If you have fewer than 5,000 followers or are stuck with 4,999 followers and unable to add more to your Following list, you may be wondering why. Part of Twitter’s algorithm to stop spammers and scammers (and be annoying to real accounts) is to limit the number of people you can follow. The first part of this code that most people notice is the 5,000 follower limit. This means that if you are following 5,000 people and 5,000 people are not following you, Twitter will tell you that you cannot follow any more accounts.
The 5,000 Follower Limit
Twitter allows all accounts the ability to follow as many other accounts as they wish up to 5,000. Of course, this is not all-inclusive. Twitter also put a limit on the number of accounts you can follow each day.

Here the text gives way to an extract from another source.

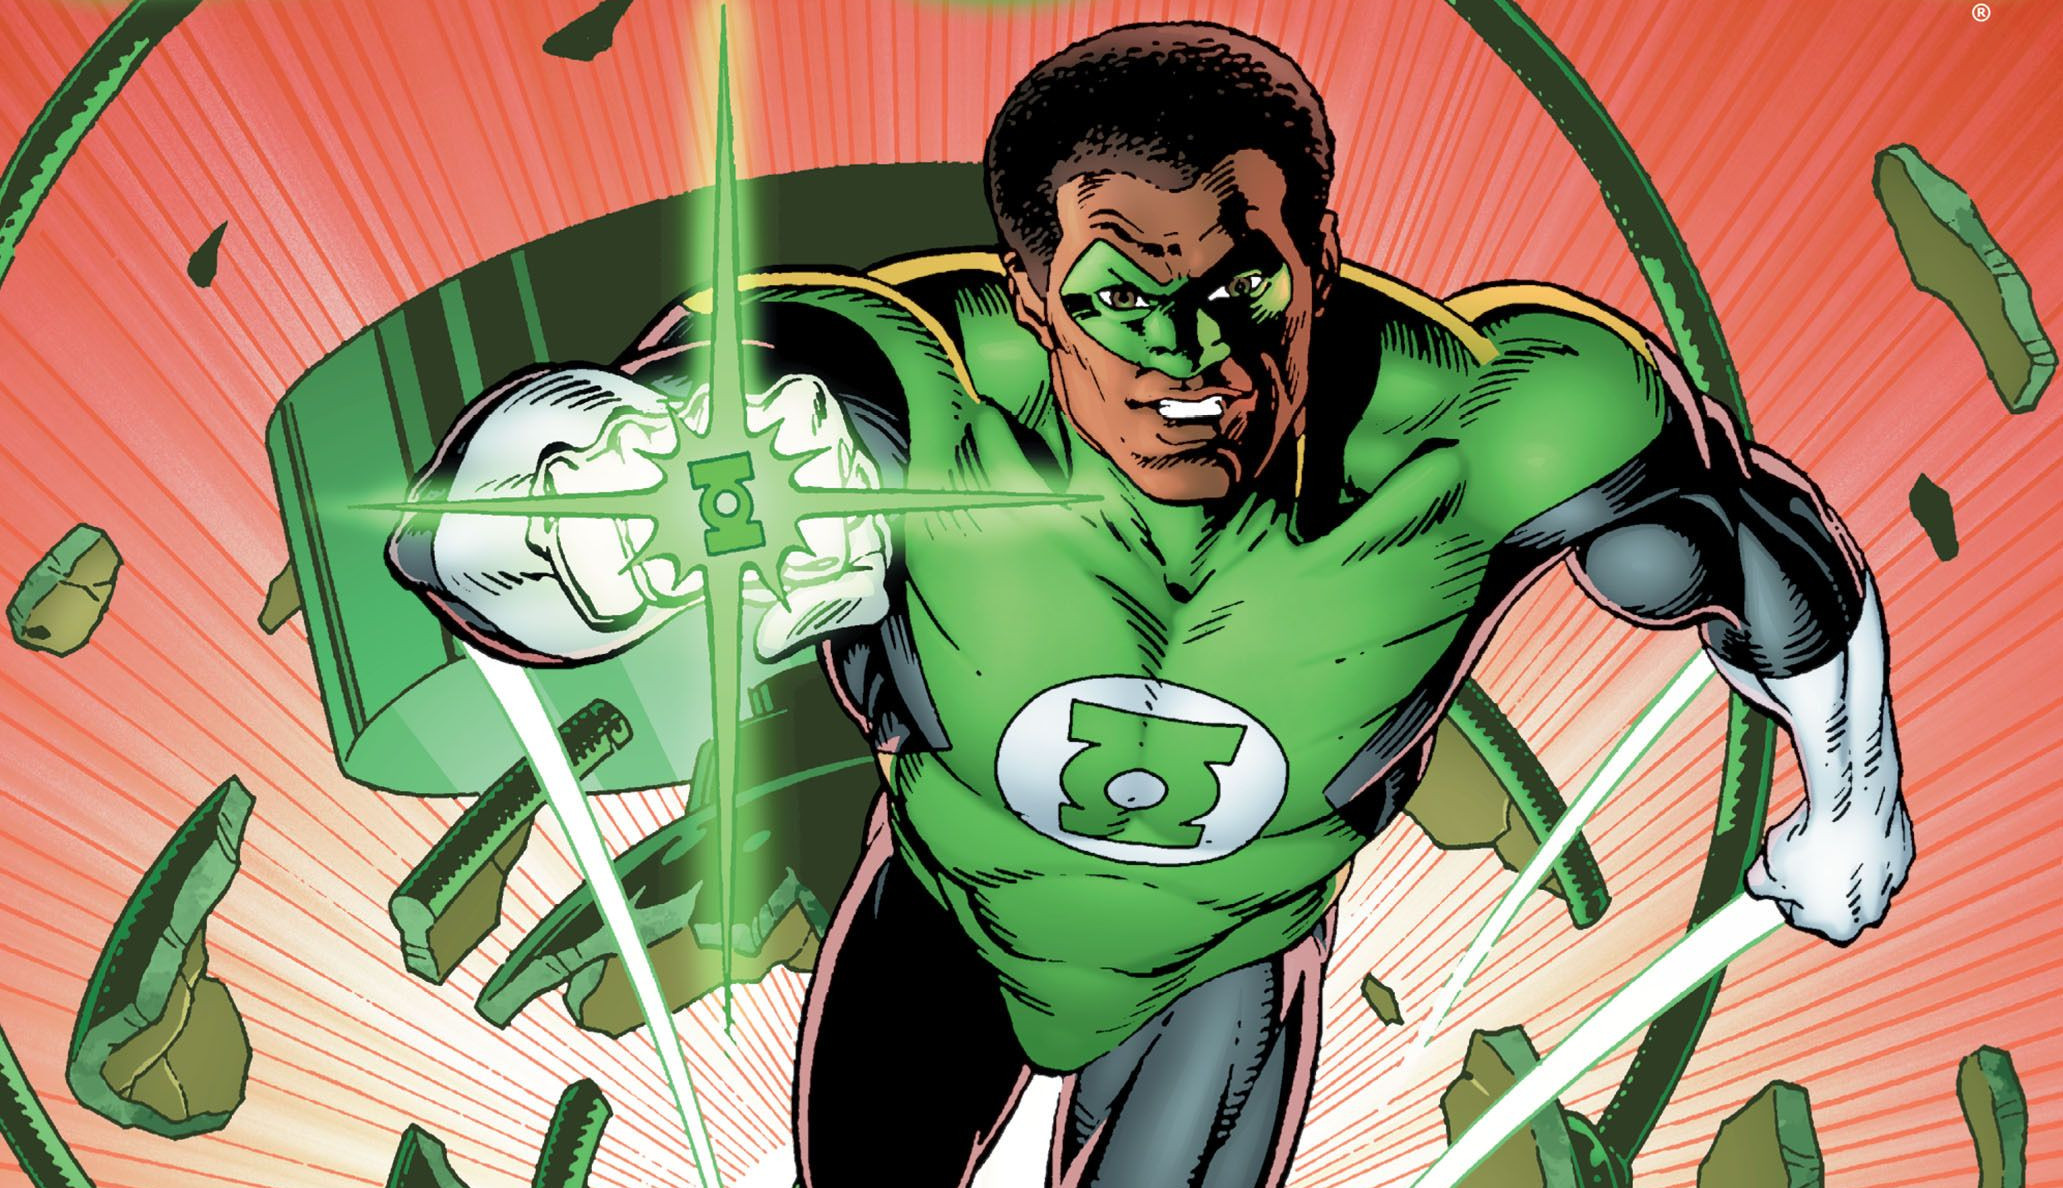 Las 5 mejores historias de Green Lantern (John Stewart) en los comics

That limit is 400. This means that if you are going out and finding 400 accounts to follow each day, you would hit the 5,000-follower Twitter limit in 12.5 days.
Once you are following 5,000 accounts, you will not be able to follow more accounts until the people following you reach 5,000.
Let’s say you’ve busted your butt and added 5,000 people to your Following list in 30 days. That’s an average of 167 accounts a day, which is perfectly doable with a little time and effort. Now, for all your effort, 1,500 of those accounts are following you, which is pretty standard. You can expect about 1/3rd of the accounts you follow to follow you back. Unfortunately, you’re stuck until 5,000 accounts follow you. This means that if the other 3,500 accounts never follow you back, you’ll be stuck at 5,000 for eternity.
Getting Rid of the Gap
In order to follow more accounts, you’re going to have to remove accounts, because *drum roll* you have to get the people who are following you to 5,000 in order to go beyond 5,000. It’s important to understand that no one really wants to remove any accounts from their lists, but it must be done due to the limitations placed on accounts by Twitter’s algorithms.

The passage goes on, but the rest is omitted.